Categories: DiplomasiHLTerbaru

Indonesia Dorong Pembentukan ARMIC di ASEAN

Dekan FMP Unhan Laksda TNI A Octavian dalam international workshop di Bangkok

MN, Jakarta – Selama 4 hari mulai dari tanggal 14-17 Mei 2018 berlangsung international workshop di Bangkok bertema Building Maritime Shared Awareness in Southeast Asia IV. Bertindak sebagai penyelenggara adalah Daniel K. Inouye Asia-Pacific Center for Security Studies (DKI-APCSS) sebagai perwakilan pemerintah Amerika Serikat dengan mengundang 10 delegasi dari seluruh negara anggota ASEAN.
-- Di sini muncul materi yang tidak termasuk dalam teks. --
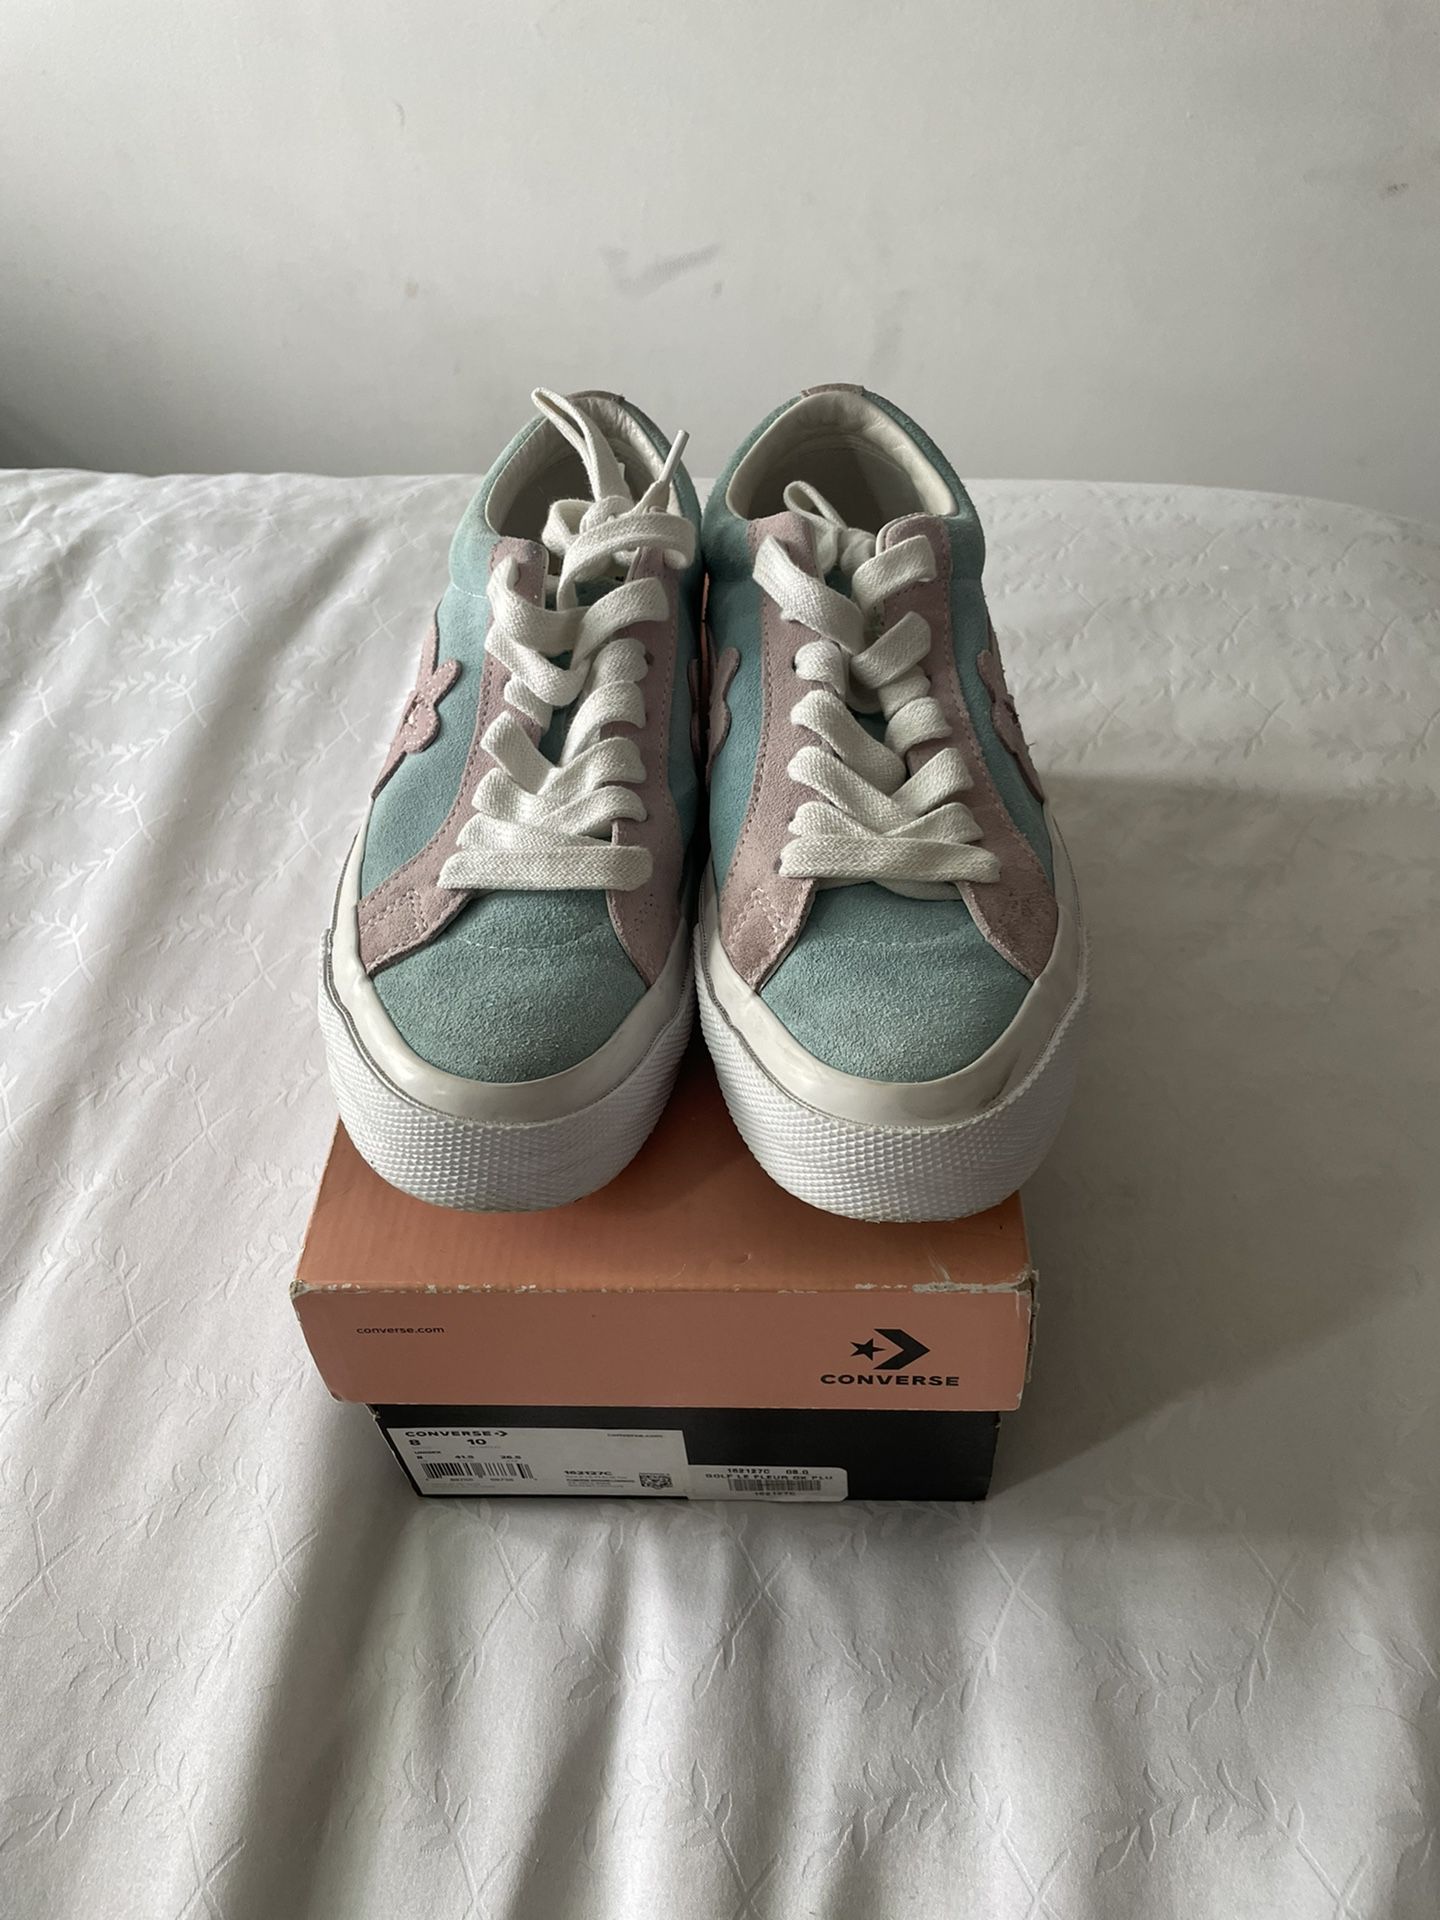 Converse One Star Ox Tyler the Creator Golf Le Fleur Light Blue Pink Size 8 for Sale in Queens, - OfferUp

Dalam pertemuan tersebut, Indonesia berinisiatif mengajukan konsep pembentukan ASEAN Regional Maritime Information Center (ARMIC) yang akan diawaki oleh beberapa institusi seperti Malaysia Maritime Enforcement Agency (MMEA), Thailand Maritime Enforcement Coordinating Center (MECC), Singapore Information Fusion Center (IFC), Cambodian National Committee for Maritime Security, Brunei Marine Police, Myanmar Maritime Police, Philippines Coast Guard, Vietnam Coast Guard dan Bakamla.

Inisiatif tersebut disambut baik peserta workshop seiring banyaknya pakar yang mendukung pembentukan National Maritime Information Center di bawah Bakamla bahkan terbuka peluang sebagai leading sector pembentukan ASEAN Coast Guard.

Turut hadir sebagai observer adalah perwakilan dari ASEAN Secretariat dan perwakilan dari Angkatan Laut India. Delegasi masing-masing negara anggota ASEAN terdiri dari akademisi, diplomat dan praktisi rata-rata mewakili Kementerian Luar Negeri, Kementerian Pertahanan, Kementerian Kelautan, Angkatan Laut, Coast Guard dan instansi pemerintah lainnya, sejumlah 94 peserta.

Pada hari pertama workshop, Dekan FMP Unhan Laksda TNI DR. Amarulla Octavian, S.T., M.Sc., D.E.S.D. menyerukan pentingnya kerjasama maritim berdasarkan peraturan internasional baru untuk mengantisipasi penggunaan berbagai platform tanpa awak yang bisa dikendalikan seperti Unmanned Aerial Vehicle (UAV), Unmanned Surface Vehicle (USV) dan Unmanned Sub-Surface Vehicle (USSV) di laut.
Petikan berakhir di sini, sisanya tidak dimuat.